:: Supplied information ::
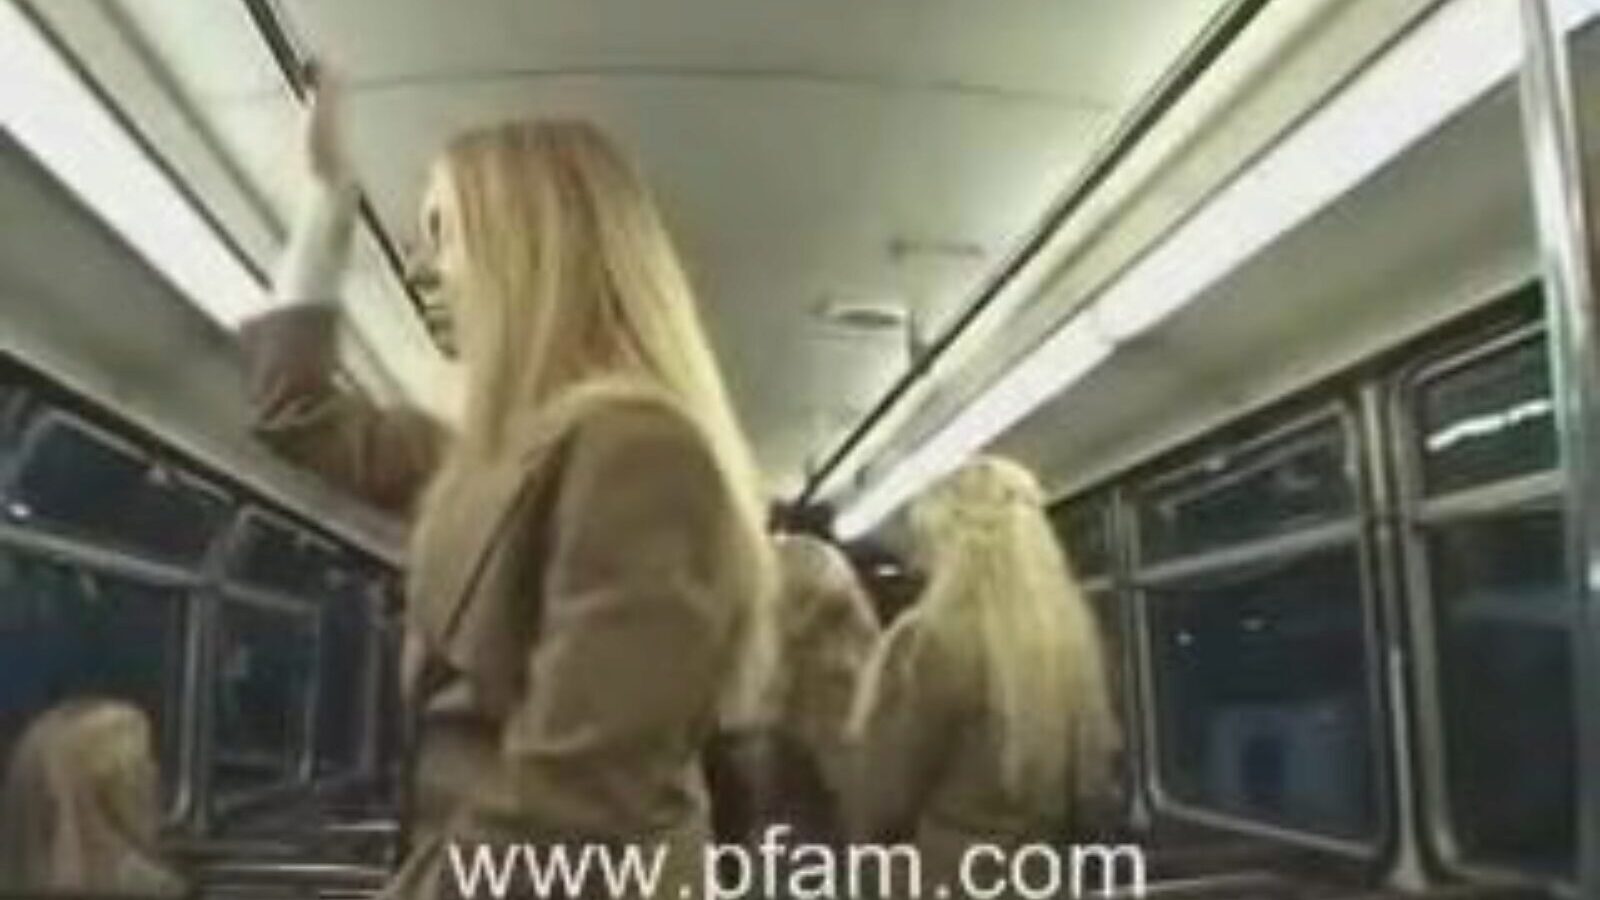 hvid skolepige og asiatisk fyr, den blonde universitetsengel laver mad, der rykker til den japanske fyr i bussen.
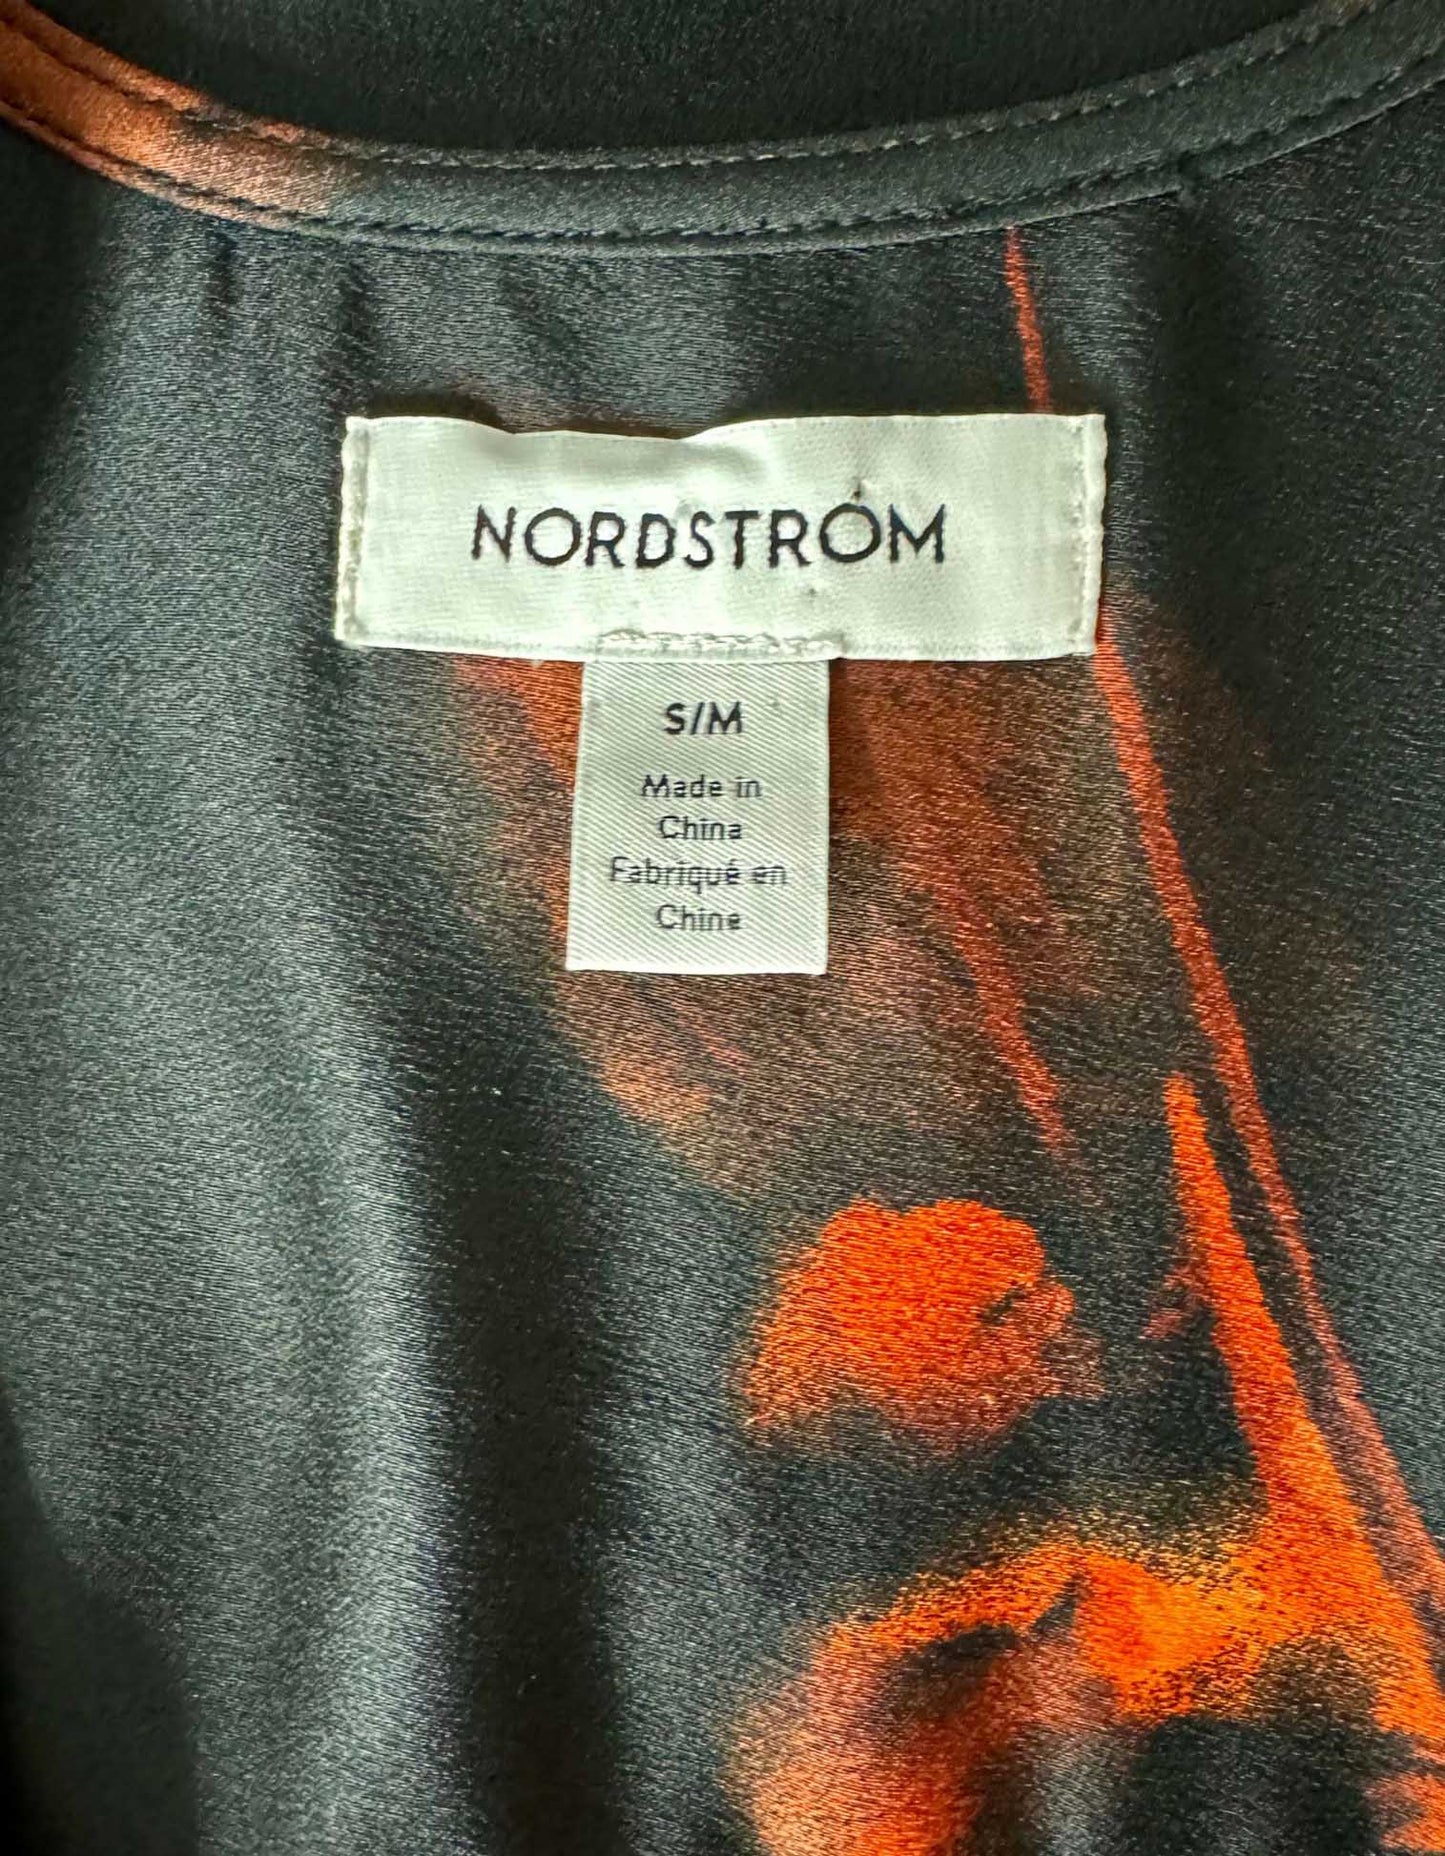 NORDSTROM Midi Dress - Small/Medium
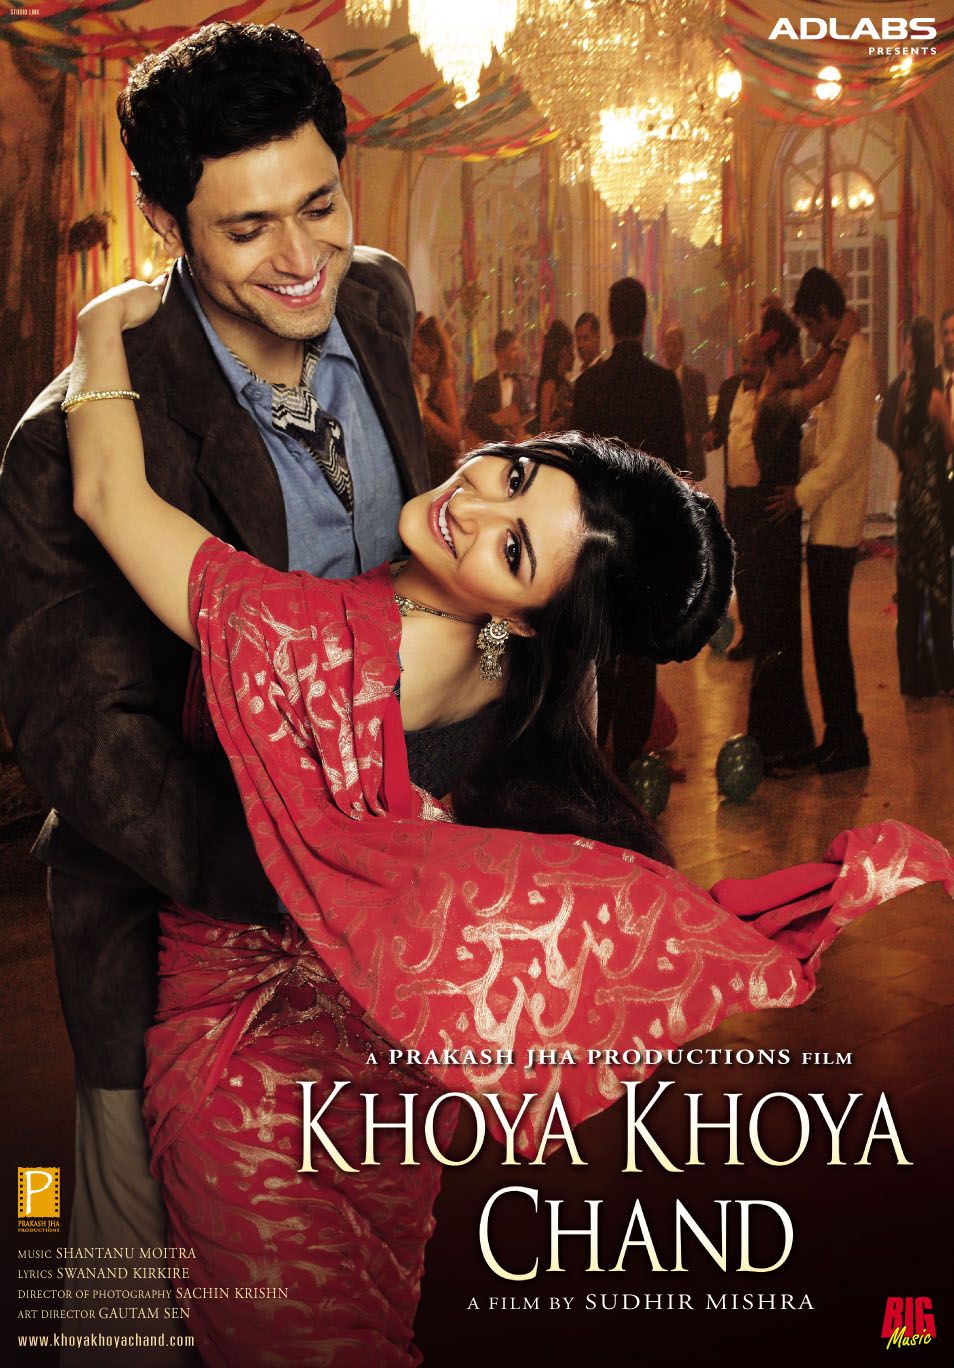 Extra Large Movie Poster Image for Khoya Khoya Chand (#2 of 3)
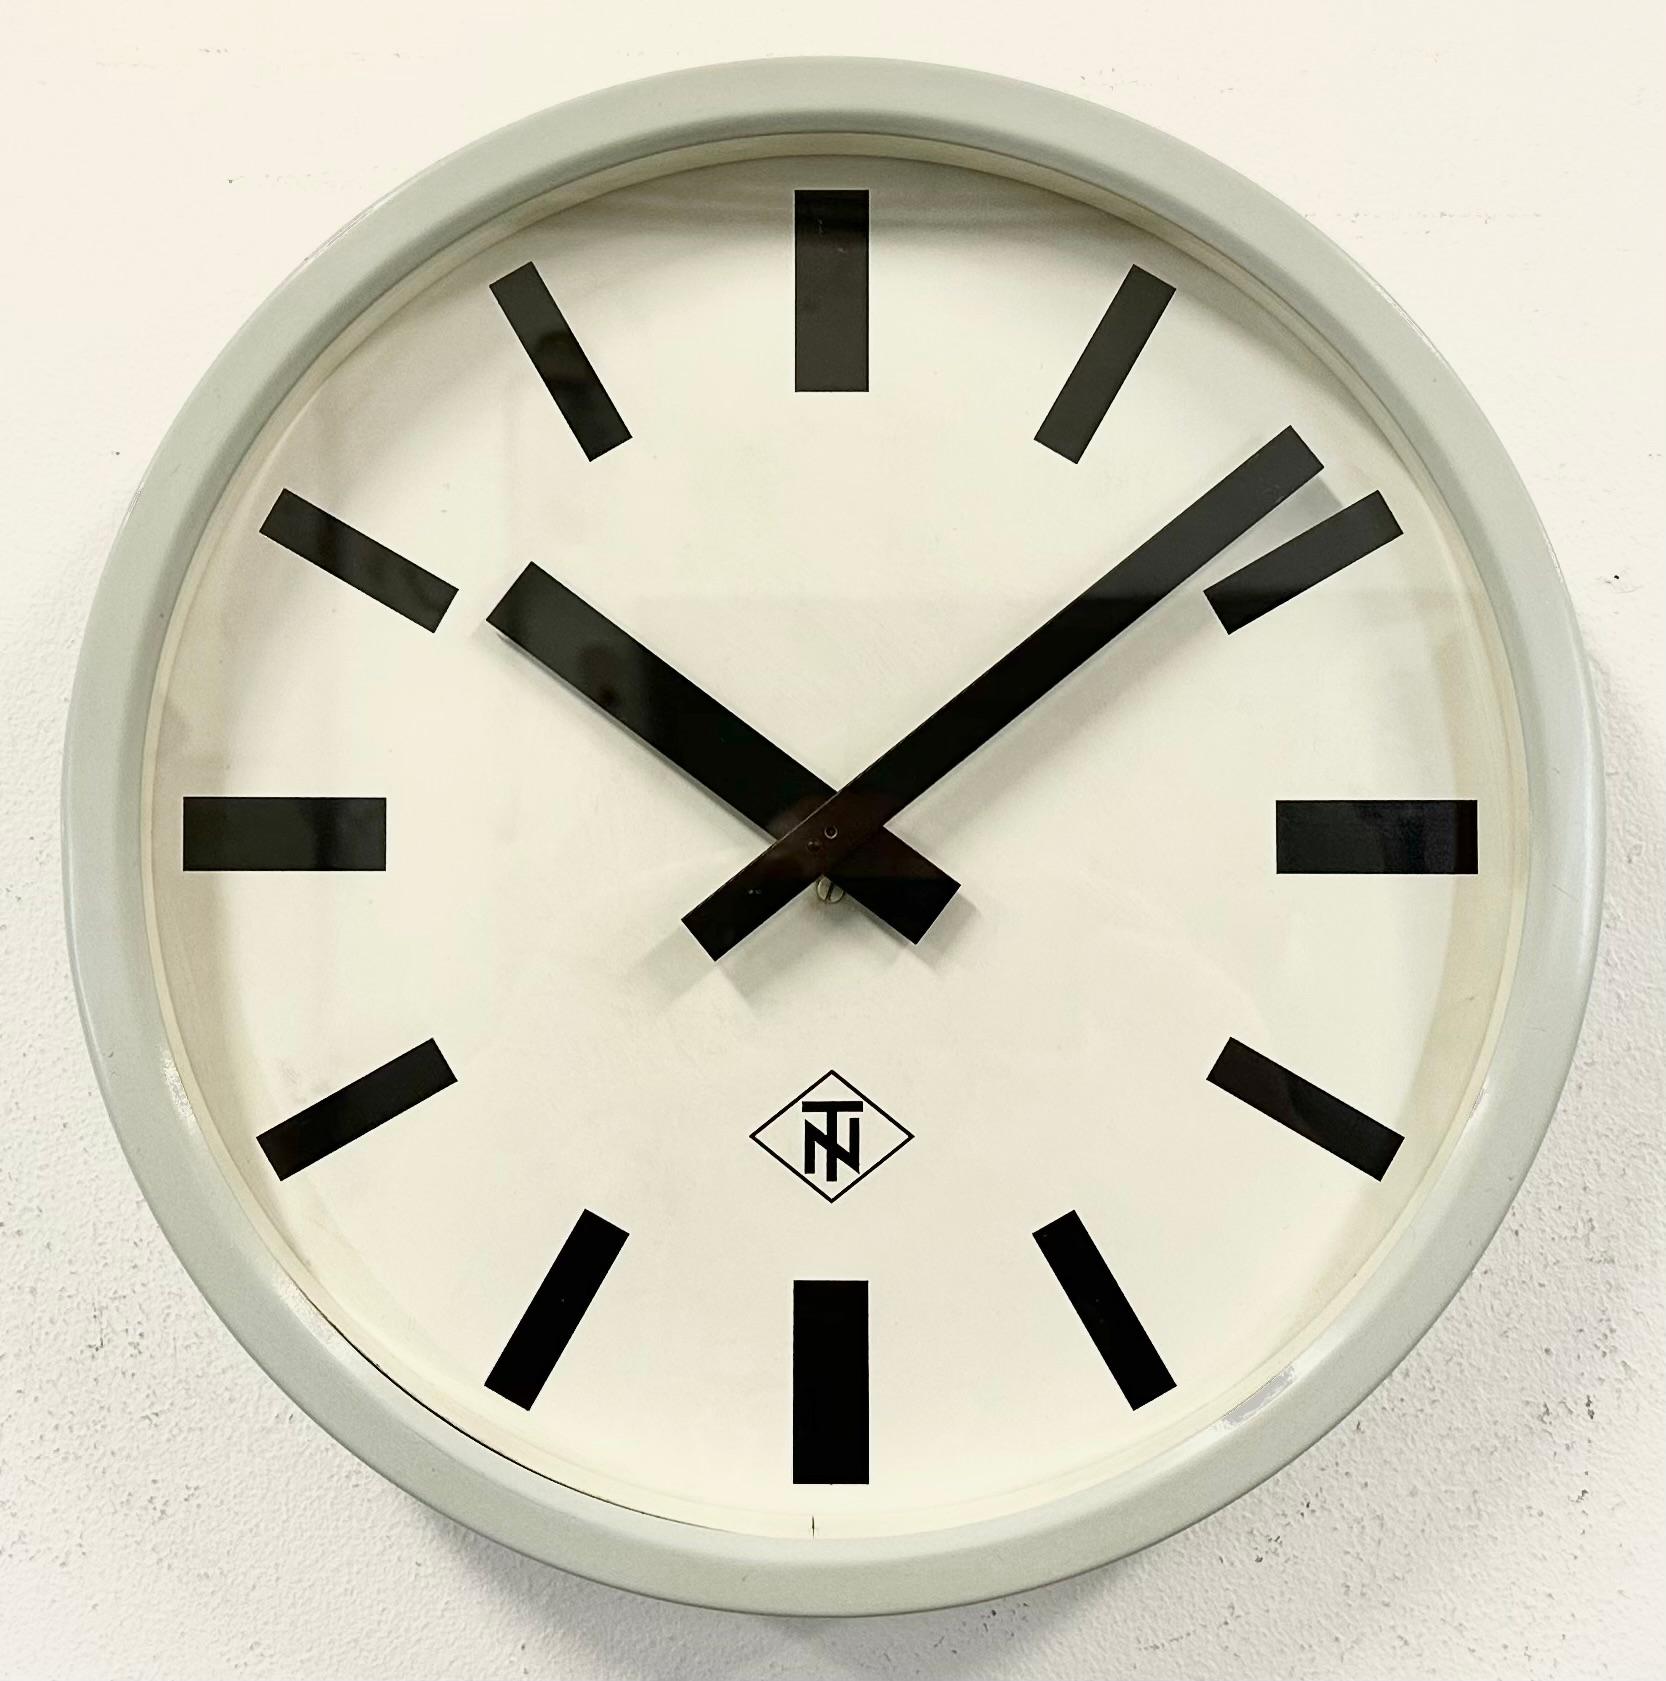 tn clock
:::
◆ What you will do: The span to retype runs from the line containing "NORDSTROM Midi Dress - Small/Medium" through the last line of the listing above, both ends included; copy it exactly, without pictures.

◆ Answer to the exercise:
 NORDSTROM Midi Dress - Small/Medium
 Extra Large Movie Poster Image for Khoya Khoya Chand (#2 of 3)
 tn clock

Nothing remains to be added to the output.